= Ichabod S. Bartlett =

American politician and writer (1838–1925)

Ichabod Sargent Bartlett (February 27, 1838 – January 26, 1925) was a soldier, journalist, miner, writer, and politician in his long lifetime. He was the editor of a lengthy History of Wyoming published in 1918.

==Early life==
Bartlett was born in Amesbury, Massachusetts, the son of Joseph Bartlett (1802–1871) and his wife Betsey Sargent Bartlett (1805–1874).

==Military and post-war career==
Bartlett enlisted in the 10th New Hampshire Infantry Regiment in 1862, was quickly promoted to sergeant-major, and was later given a battlefield promotion to lieutenant. After the Civil War ended in 1865 he served in paymaster posts in the Southwest until 1868.

Bartlett returned from the Southwest in 1868 and went into business in Chicago.

==Wyoming career==

Bartlett came to Wyoming in 1878 to serve as the military storekeeper at Camp Carlin, a large military depot near Cheyenne. He held that post until 1881.

Bartlett then went into mining in the area, locating deposits of iron and opening mines near Hartville. He operated a store in Hartville. He and his sons also operated limestone quarries. Bartlett brought attention to signs of primitive mining in the area, initially attributed to the Spanish but now thought to be the work of ancient Native Americans.

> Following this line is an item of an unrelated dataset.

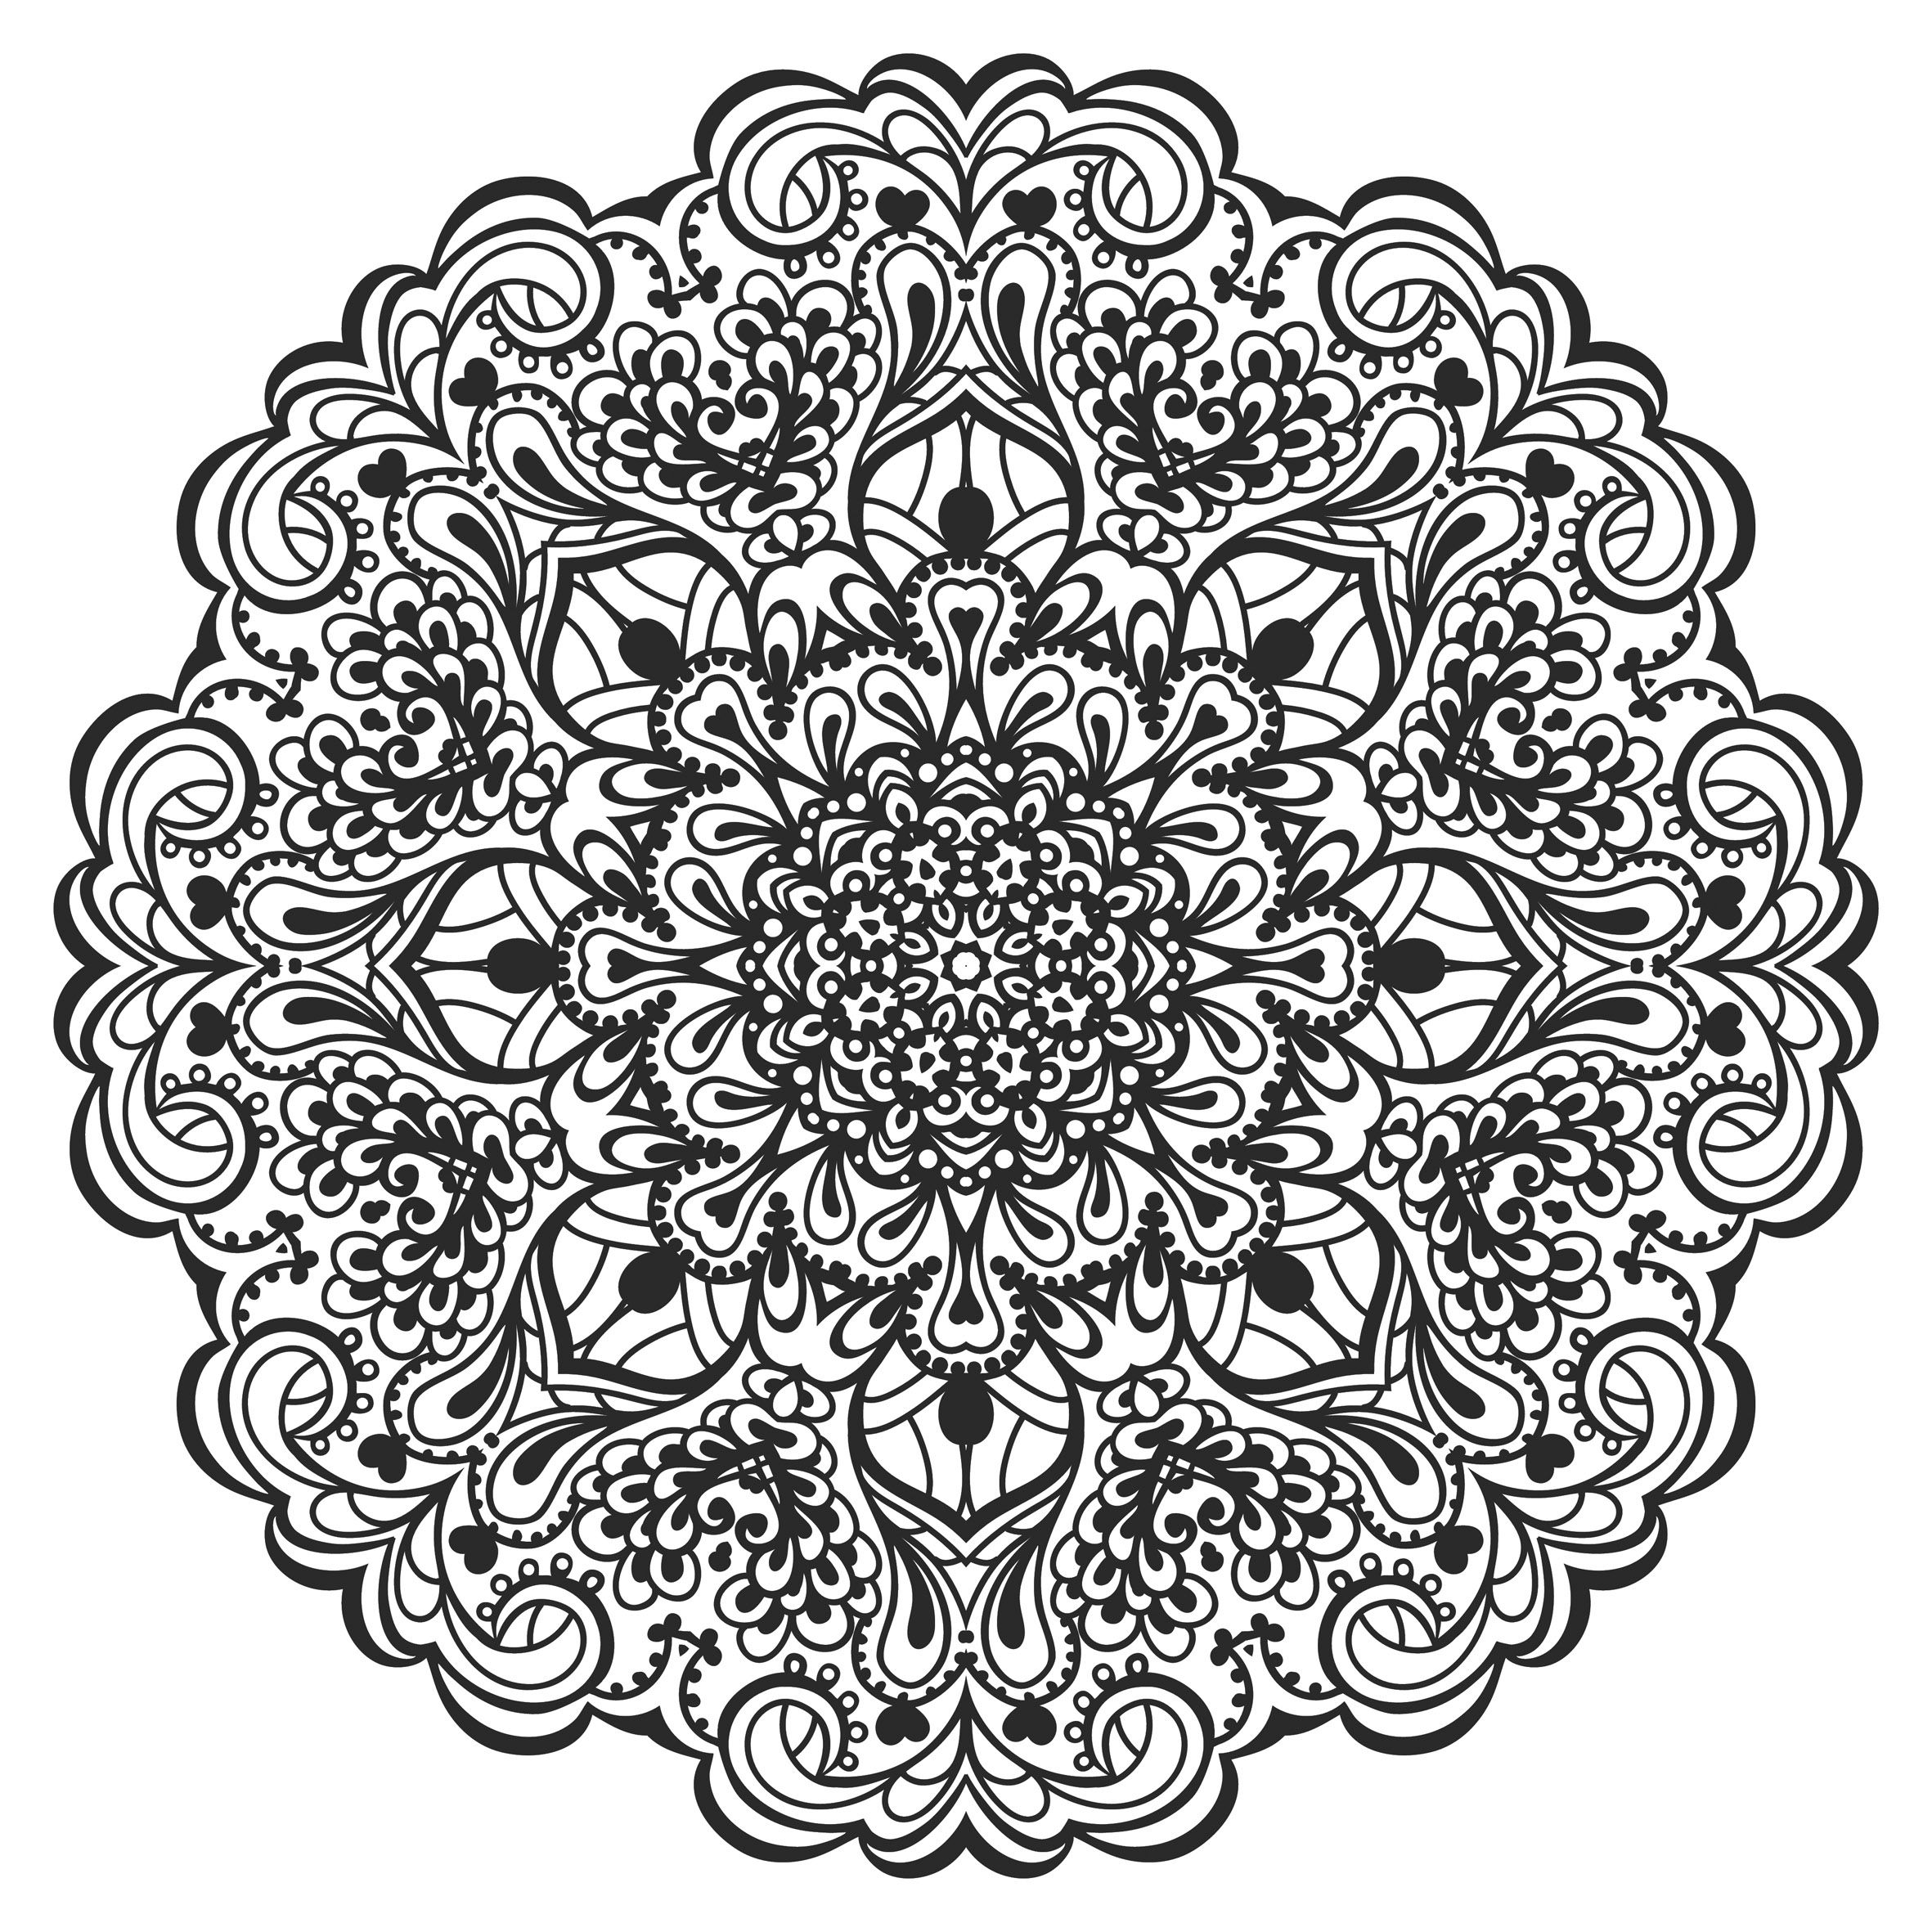 Lotus Flower Mandala To Color Bing Images Pinterest

Bartlett served in the Wyoming Territorial House of Representatives representing Laramie County in 1882. He was a Republican candidate for Laramie County commissioner in 1888. In 1891 Bartlett was selected as chief clerk of the House. In 1900 he was serving on the national committee of a faction of the Populist Party. He ran unsuccessfully for the state House as a Democrat in 1902.

From 1906 to 1908 Bartlett was the managing editor of the Cheyenne Leader newspaper. In 1918 Bartlett was the editor of the first volume of a "History of Wyoming".

Bartlett was also involved with the American Humane Society, serving as state chairman in 1915.

==Family==
Bartlett was probably a descendant of Founding Father Josiah Bartlett (1729–1795).

Bartlett married Mary Submit Clark (born 1840) in 1868; she died on December 2 of the same year. In 1871 he married Mary Jane Eastman (1847–1918), daughter of abolitionist newspaper editor Zebina Eastman (1815–1883). They had at least four children: Edna Sargent Bartlett (1872–1948), Sidney Bartlett (1874–1947), Albert Babbitt Bartlett (1885–1980), and William Bartlett.

Mrs. Bartlett was nominated for U. S. Senate by the Populist members of the Wyoming legislature during the 1893 legislative session and received five votes on a number of ballots; this was the first time a woman had been nominated for the Senate by a party caucus and received votes.